The Greatest Song Ever That I Can Never Play For My Class!
I teach fifth grade. School begins in three days. Anxious stomach and headaches began three days ago. A teacher’s comedown from the long sweet summer is a vicious withdrawl of its own. One could safely assume this withdrawl lacks vomit and shitting of the britches; but gone are the days of sleeping in (six a.m.!), reading tons of books, and taking my son for walks in his wagon in the comfort of a morning breeze. Teachers work crazy hours and take on more stress than the human heart is surely designed for during the school year, so that the summer hours have been built by their own design; and the best part, guilt free.
I work at a school where I feel very, very happy. I love whom I work with, and enjoy the kids. There is usually very little superfluous meeting to have meetings, and bureaucratic nonsense. Any teacher that has quit the trade will usually tell you the reason had nothing to do with the kids, but everything to do with what other adults inflict on the profession. Unfortunately, the profession that should make the most sense, education, often makes the least. Welcome to one of life’s many cruel ironies. I would recommend anyone in college that has not found the adult world already riddled with hypocrisy take a naive leap into the gaping yaw and become an educator.
In its purest form, to be a teacher is a privelege, a gift. It is because of what the kids bring. It is their eyes, mind, and heart that make being in the classroom, the one best, most true place to spend one’s workday. It never ceases to amaze me that with my strict work policies, and high expectations for behavior, even those that have crossed the line and had consequences dealt their way, still love school, and remarkably stll think I am a pretty great guy to be around. What is it in the adult world that irons this out of us. What teaches us to judge every situtation and stranger with a skeptical eye instead of the smiling goodwill of a ten year old’s overflowing heart.
Maybe this is why I love Tilly & the Wall’s “Nights of the Living Dead” so incredibly. The song celebrates what it means to be young with such immediacy and power it resonates far beyond the average pop song. “Nights” is a promise, a vow to not let a moment pass without calling it one’s own and cherishing whatever follows. Carpe Dium of course, and all that jazz - but it is true, we take on layers of armor for what we consider adulthood, and learn through practice how to stifle our heart’s most natural instincts which are usually kind and welcoming. Why?
The words, the melody - the entire construction of the song recall the limitless possibility of youth. The first part of the song paints an exuberant picture of a teenager’s friday night in the city. Aimless, with friends, drifting wherever the mood, and wine command. The latter half of the song warns of the dangers of becoming complicit and essentially ‘lining’ up on a great ‘black highway’ to face our own mortality; forgetting all the joys, all the time, because afterall, we have lives, responsibilities, and are clearly adults. We know what is expected of us.

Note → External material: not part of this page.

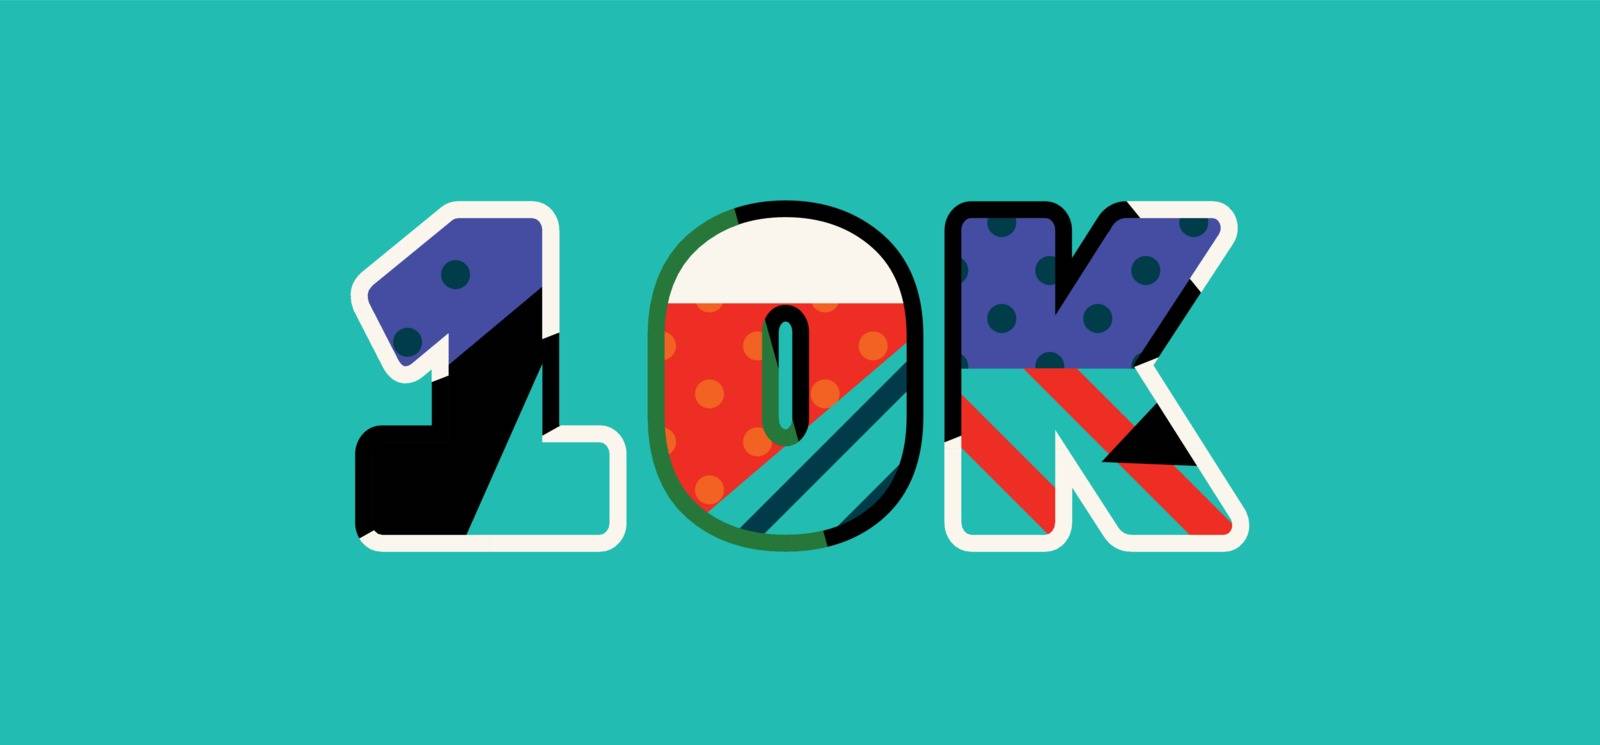 10K Concept Word Art Illustration by enterlinedesign
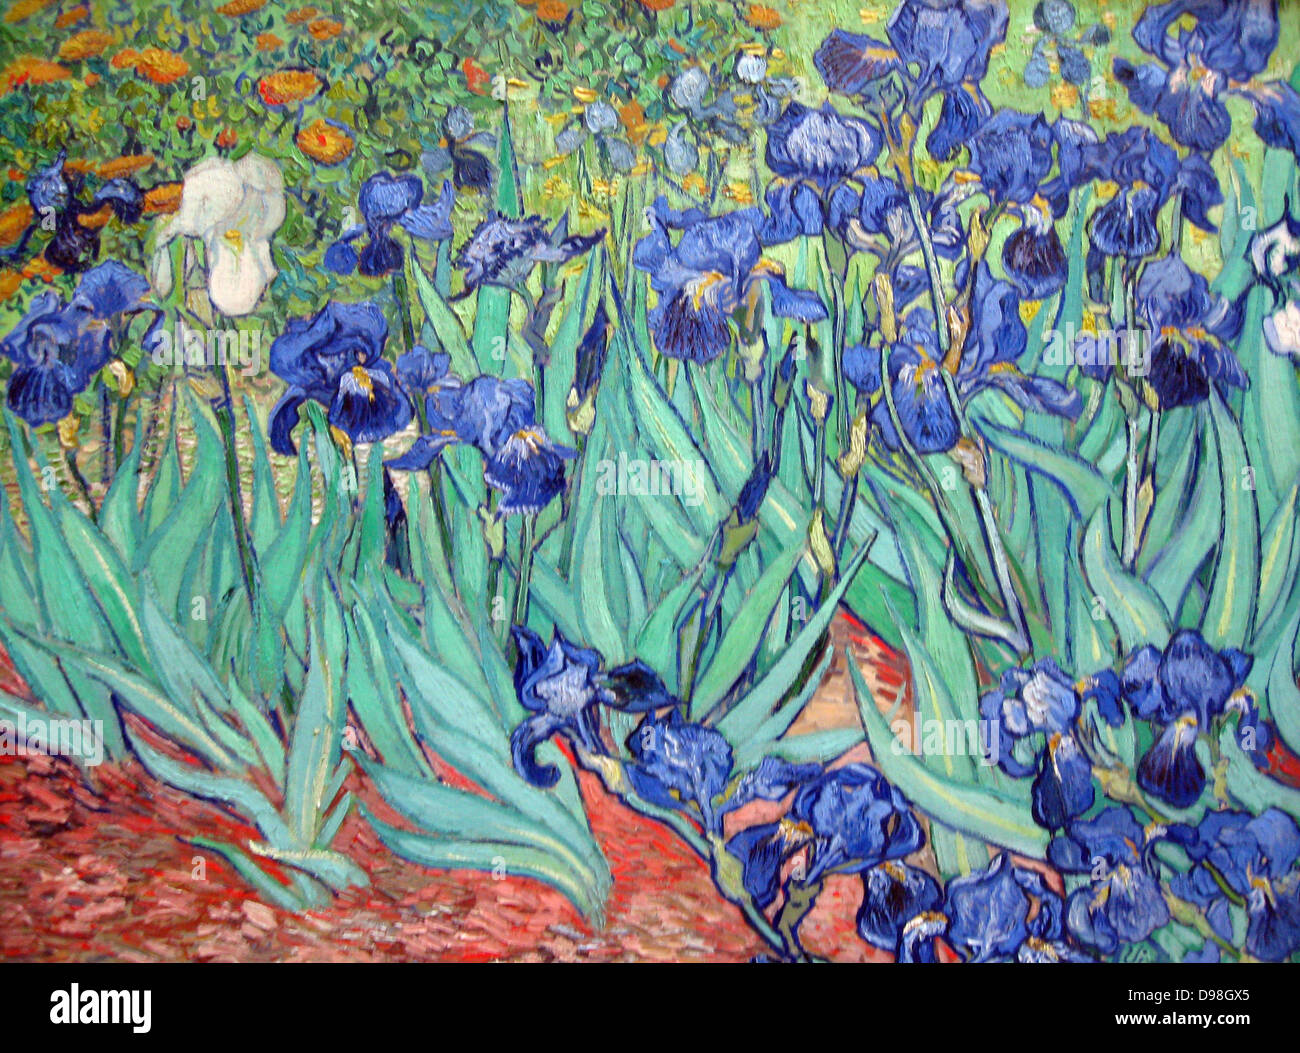 Iris est une peinture de Vincent van Gogh 1853 - 1890, peintre post-impressionniste hollandais. Iris a été peint alors que Vincent van Gogh vivait à l'asile à Saint Paul-de-Mausole à Saint-Rémy-de-Provence, France, en 1890 Banque D'Images

The end of the song gives me goosebumps every single time I hear it. This is saying alot, since I have listened to this song probably over 10,000 times already. Over cheerful acoustic strums, and tapdanced percussion, the band sings, “I want to fuck it up! I want to fuck it up.” Which in turn, leads into the one emotion that could follow such a bold proclamation; “And I feel so alive . . . I feel so goddamn real!”
We built this city on rock and roll. So let’s tear it all down to build it all up again because rock and roll was never powered by skeptics, but by dreamers. Much like any ten year old fifth grade student.
Too bad I can’t play my students Tilly & the Wall’s “Nights of the Living Dead” because of numerous swear words bellowed with gusto. If the lyrics escaped their young minds, surely they’d find the feeling.